ACTION ITEM:
Transcribe all the data below exactly, leaving its pictures out.

RAW DATA:

BEGIN

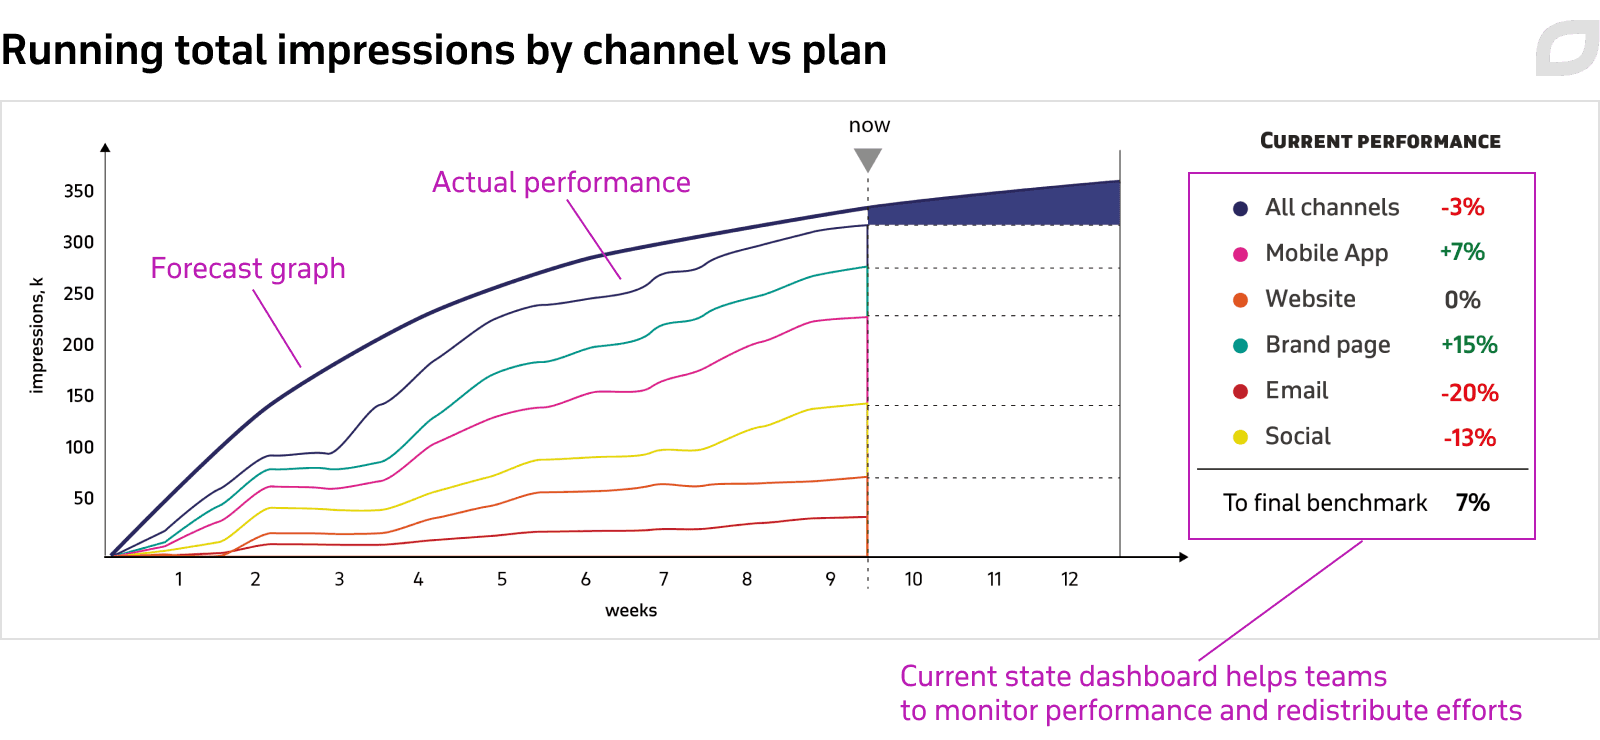 Running total impressions by channel vs plan
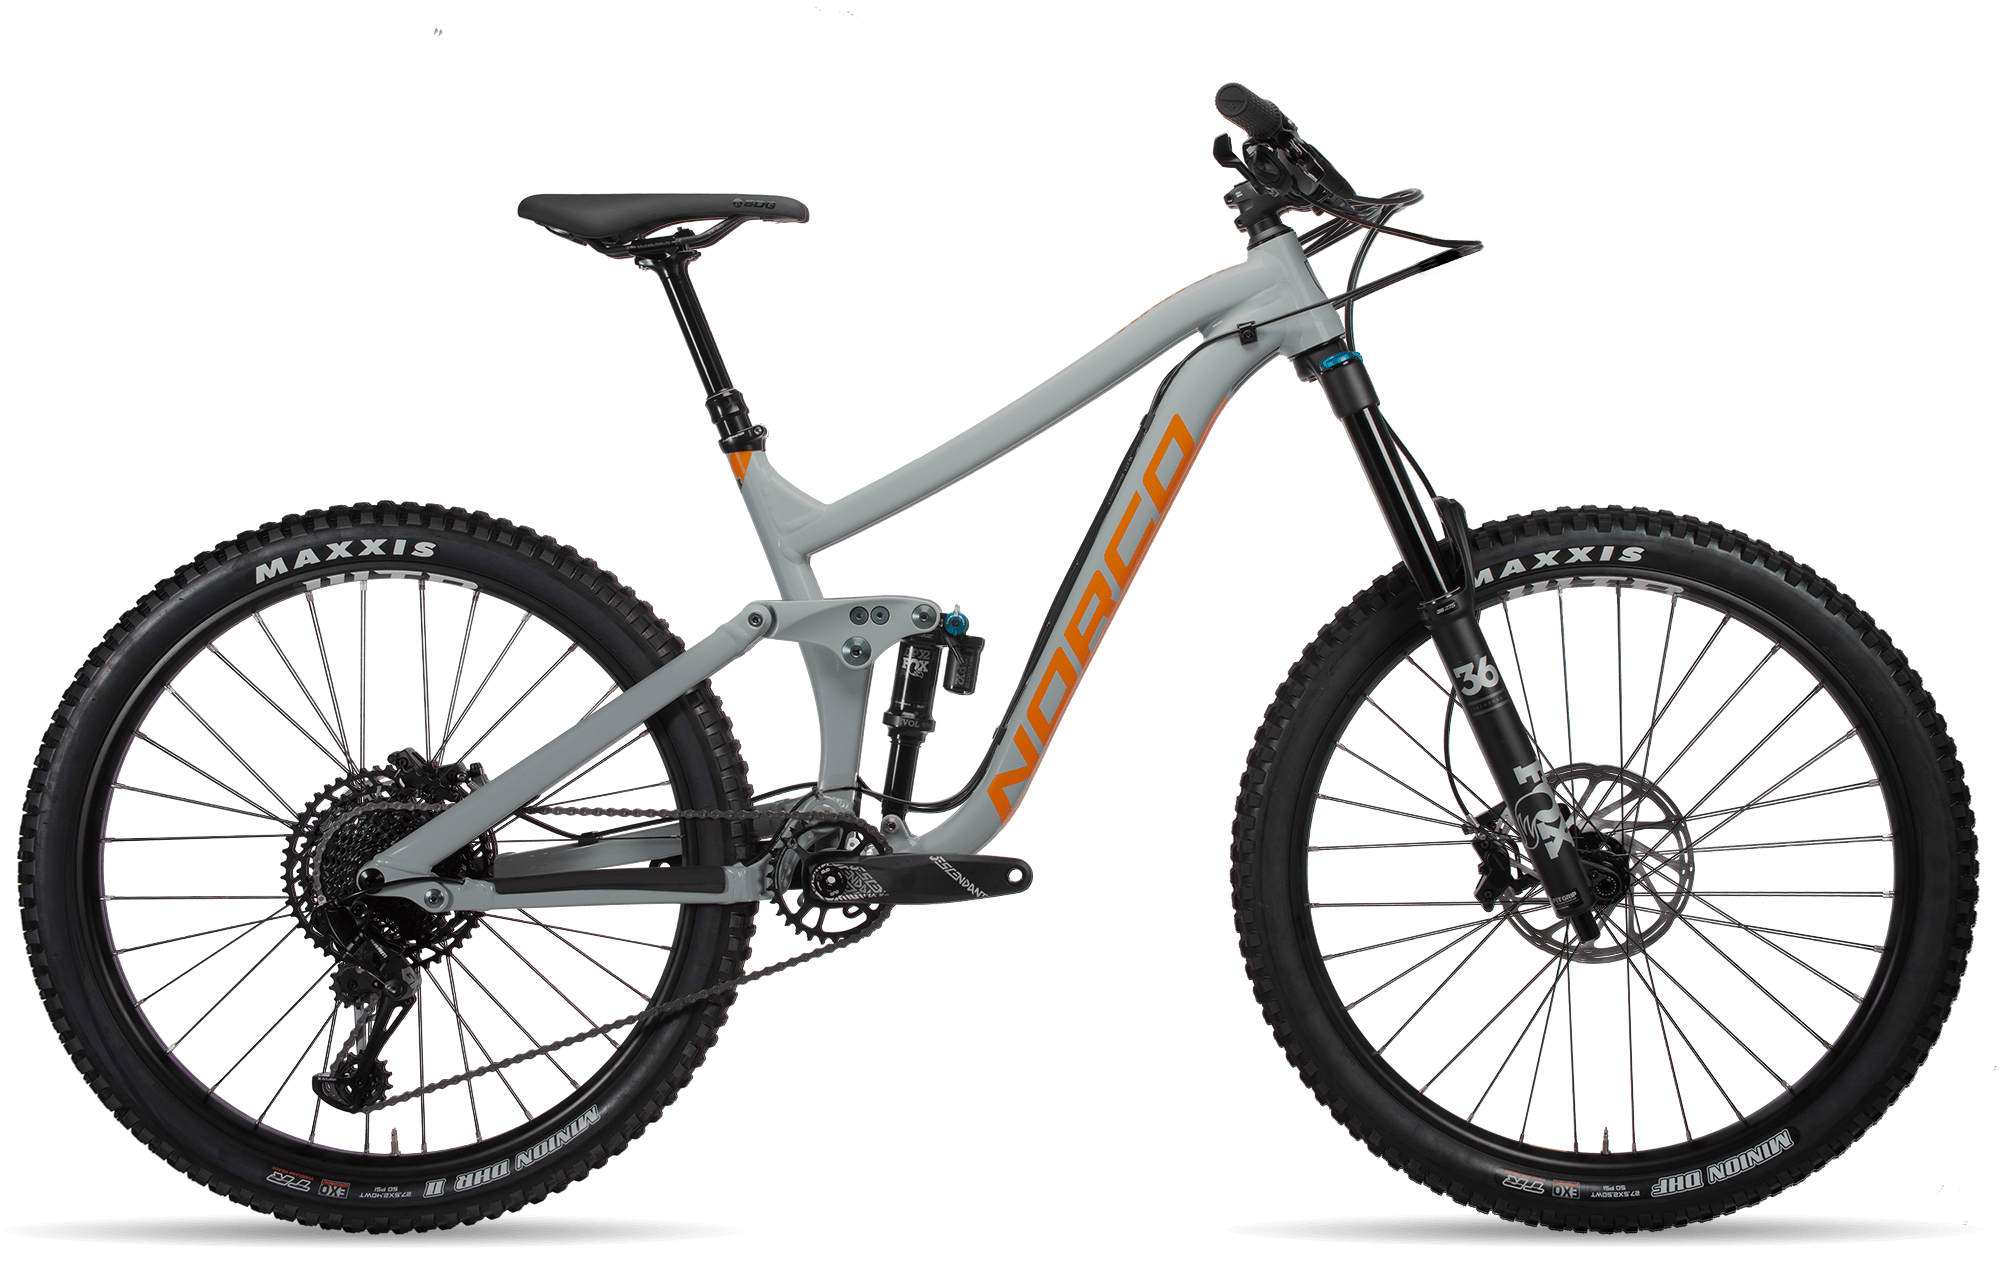 ride1up roadster v2 review
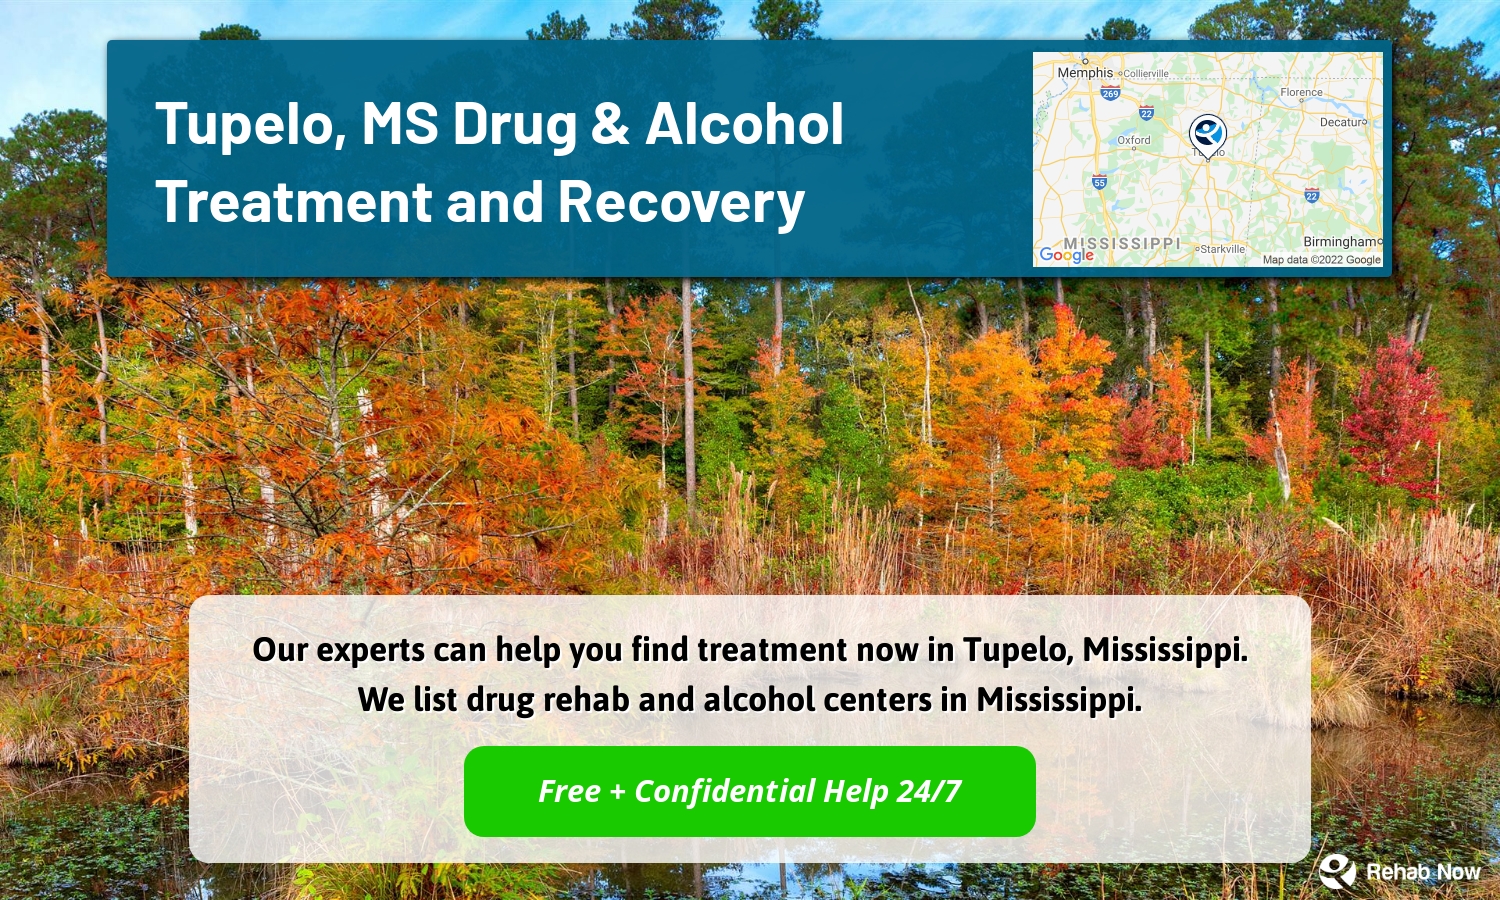 Our experts can help you find treatment now in Tupelo, Mississippi. We list drug rehab and alcohol centers in Mississippi.

END

WRITTEN ANSWER:
 Running total impressions by channel vs plan
 ride1up roadster v2 review
 Our experts can help you find treatment now in Tupelo, Mississippi. We list drug rehab and alcohol centers in Mississippi.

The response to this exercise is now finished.